両方に共有しているのは、『家事』という千尋の得意分野を取り上げるのではなく、それを尊重したまま負荷を減らそうという、歩み寄りの姿勢です。

千尋が家事にしがみつくのは、無力な少年として母のいない世界でツッパっていくためには、自分が無力ではないと確認する手段が必要だから、というのがあると思います。
少年メイド』として家事労働に従事することは、ただただしんどくて辛いことではなく、自分の能力を存分に発揮できる仕事でもあり、ただただ楽しい趣味でもある。
対価を提出することで、親ではない存在に庇護してもらう不自然さを少しでも軽減する、フェアーな報酬のやり取りでもある。

そんなふうに多様性を持って描かれる『家事』ですが、同時に子供が背負う重荷では無いことも確かで、掃除機を『クリスマスプレゼント』という『子供らしさ』の象徴に送りつけることに悩む円たちも、別荘に『くつろぎ』に来た千尋から『家事』を取り上げようとするのも、周囲の大人が健全かつ賢明に感じている後ろめたさの証明だと思います。
少年メイド』という題材/タイトルは、常に『子供がただ愛される立場ではなく、家事労働という対価でもって居場所を確保する』ことへの後ろめたさを孕んでいるわけで、これを『この話はそういう話だから』で流すのではなく、しっかり作中のキャラクターに名言・行動させることは、物語の風通しを確保する上でとても大事です。
ちーちゃんが掃除して、ご飯作って、『家』を維持しくれる都合の良さに寄りかかってない感じ、とでもいうのかな。


◇家族写真を取るための冴えたやり方
しかしながら千尋にとって『家事』はけして重荷ではなく、彼らしさを発露する大事な足場です。
『頼ってやることで千尋は千尋らしくいられる。だからオカンで良いんだ』という見切りを、年長者に先んじてやりきる日野くんは、付き合いの長さを感じさせて凄く良かったです。
物語が始まる前からつながりのあった『ちーちゃんベテラン』日野くんが颯爽と解決することで、円たち物語が始まった時につながりが生まれた『ちーちゃんルーキー』である円たちのぎこちなさが強調されるのも素晴らしい。
どう足掻いたって他人が一緒に暮らす以上、中々解決しないしこりや無理解ってのはあるわけで、努力して思いやってそれを乗り越えていくからこそ、尊さも出てくるわけで。
少年メイド』というファンタジーを描きつつも、人間と人間の間にある距離を冷静に見つめ作品に入れ込むことで、一種の真摯さを手に入れようとしているのは、このアニメのスタンスでもとても良いポイントです。

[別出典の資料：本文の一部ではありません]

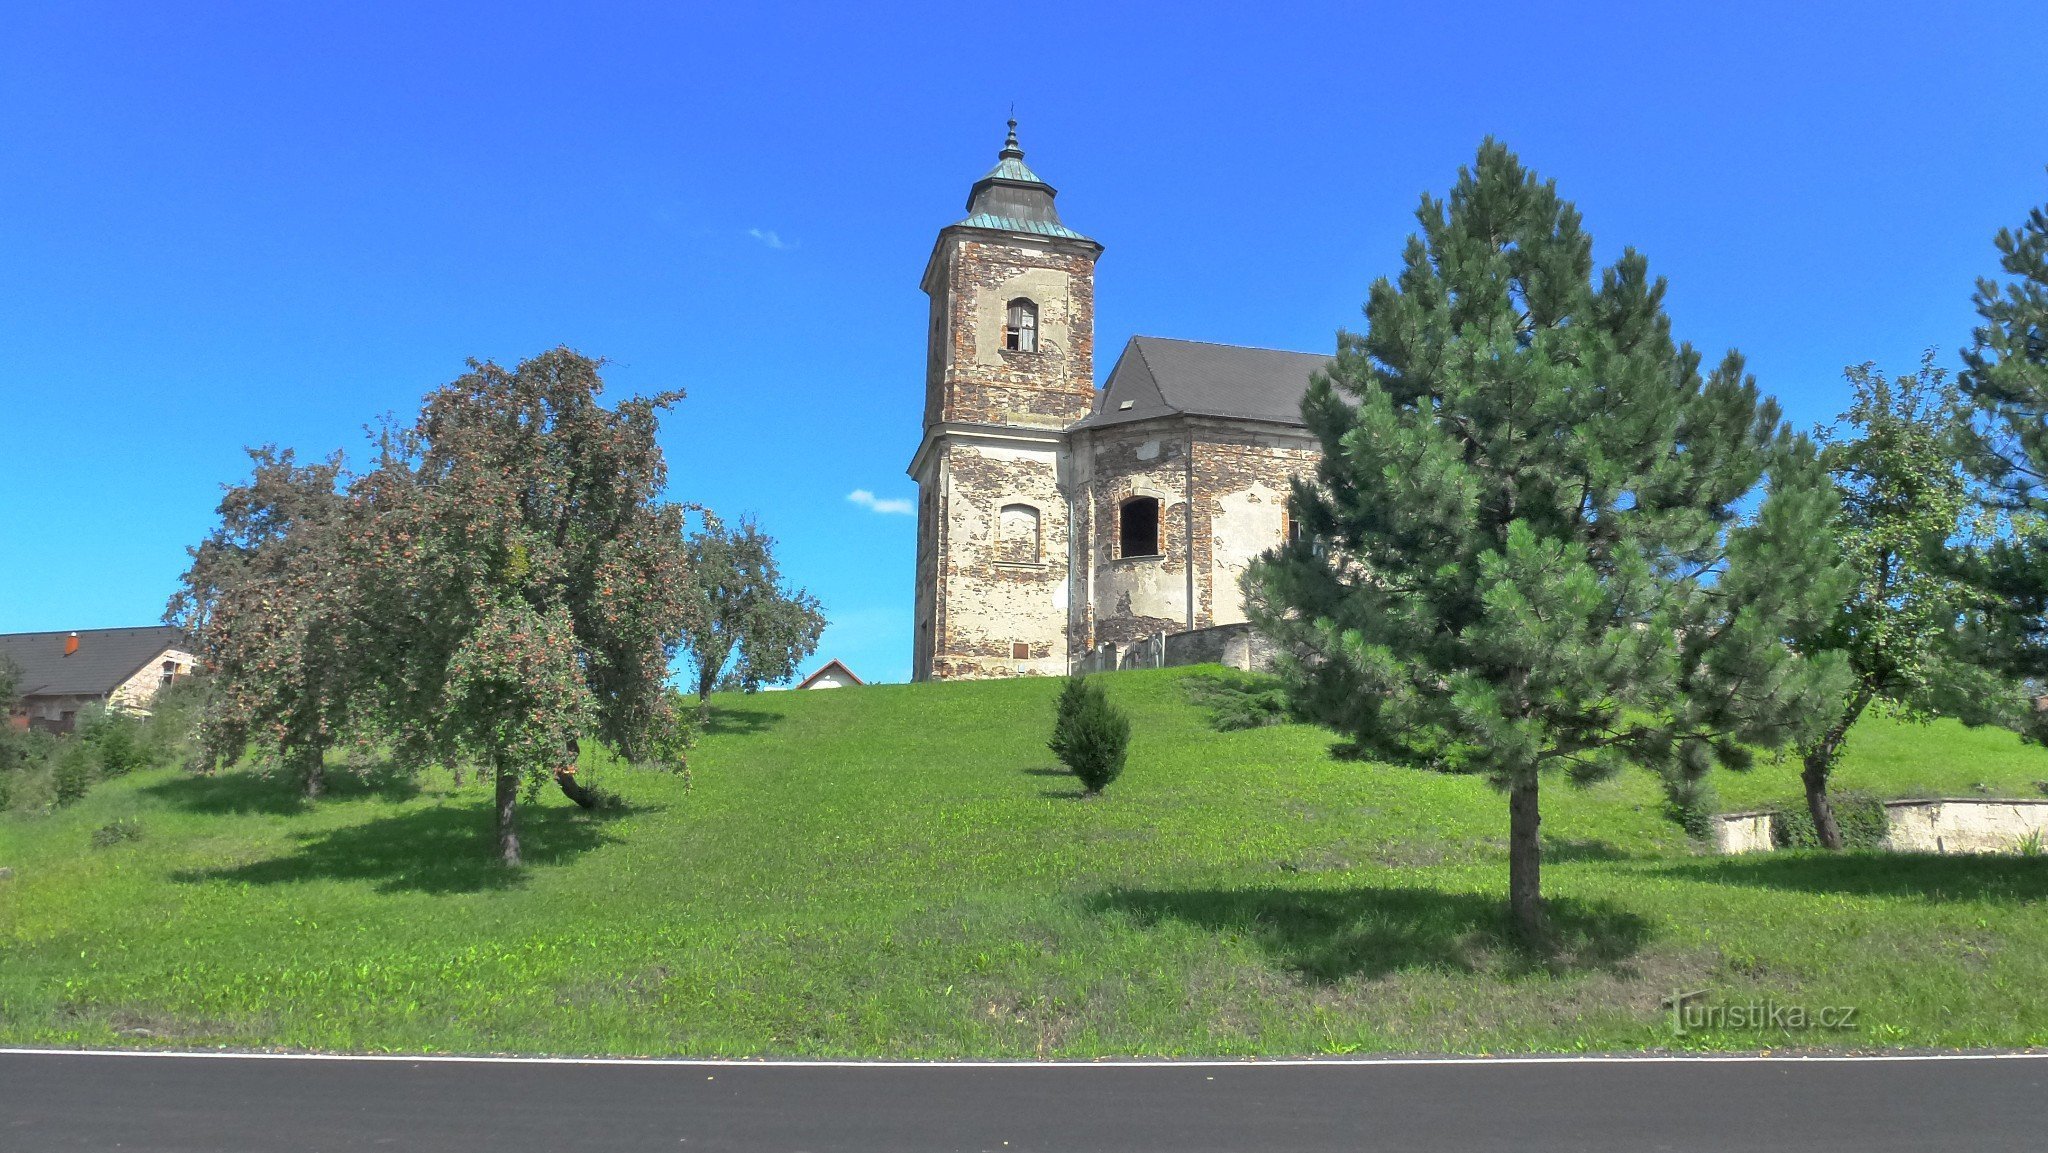 La característica dominante del pueblo es la iglesia de 1738, la de madera original se menciona ya en 1352

日野くんは大掃除に美耶子を呼んで、彼女が持つ朗らかな暖かさをシーンに取り入れる見事なアシストもしてました。
出来無いなりに努力し、前向きで真摯で優しい美耶子の柔らかい態度は見てて気持ちが和むし、せっかく大きなイベントなんだから家族みんな集まったほうが仲間はずれにされてる感じもないしね。
桂一郎に精一杯のアタックを仕掛け、すげなく鈍感バリアで弾かれるシーンは健気で凄く可愛くて、『おう、ネーチャン頑張れや……頑張れや!!』っていう気持ちになった。

大掃除にしても別荘の過ごし方にしても、円たちは『千尋らしさ』を上から否定するのでもなく、確かに空いてしまっている心の距離を一足飛びに踏み越えるのでもなく、自分から腰をかがめて『千尋らしさ』の傘の中に入っていきます。
友人たちが『エプロンとブリム』という鷹取家のスタイルにためらいを覚えつつ、結局着ちゃうところとかは、この作品が持っている『歩み寄りの姿勢』が良く分かるシーンでしょう。
思えばこのアニメのキャラクターはミンナ、『自分らしさ』を保ちつつも他者の『自分らしさ』を否定せず、むしろ楽しみながらそこに飛び込んでいく勇気を、しっかり持った人々ばかりな気がします。

状況を正確に把握し、そのズレに違和感を覚えつつも、現状を優しく肯定してお互い歩み寄っていく。
今回のエピソードで描かれていた運動は、これまで千尋と円、彼らを支える人々が歩んできた道程そのものであり、今回の物語はこのアニメがどのような物語を切り取ってきたのか確認する、記念写真だったと、ラストシーンを見て思いました。
そこに切り取られているのは彼らが人生を泳ぐ、靭やかで優しい方法論であり、ぎこちなく誠実な一歩を積み重ねてようやくたどり着いた、どうしようもなく偽物でかぎりなく本物のファミリー・ポートレイトだったと思います。
そこに至るまでの道筋を丁寧に描いてきたからこそ、来年の正月もまた、同じ写真が取れるに違いないという希望を持てるのは、凄く良いことですね。


◇まとめ
というわけで、千尋と彼を取り巻く世界がどんなもので、どこまでやって来たのかを確認する回でした。
ただただ主役たちの素晴らしさを称揚するのではなく、その合間に真剣にならない程度に作品世界の歪さを確認して、巧妙に物語に風穴を開けているのが上手いなぁと思います。
その上で『少年メイド』という、フェティッシュで優しい物語の素晴らしさをしっかり信じて、
綺麗で楽しい話にまとめてる所がとっても良い。
自分たちが作ってる物語を信頼する姿勢は、見てる側にも伝わる気がします。(当然、僕が読みたい物語を勝手に読み取っているだけでもあるんだけど、作者との真心の交流があるって信じるのは前向きだし、何よりそっちの方が不可知論より楽しいと僕は思います)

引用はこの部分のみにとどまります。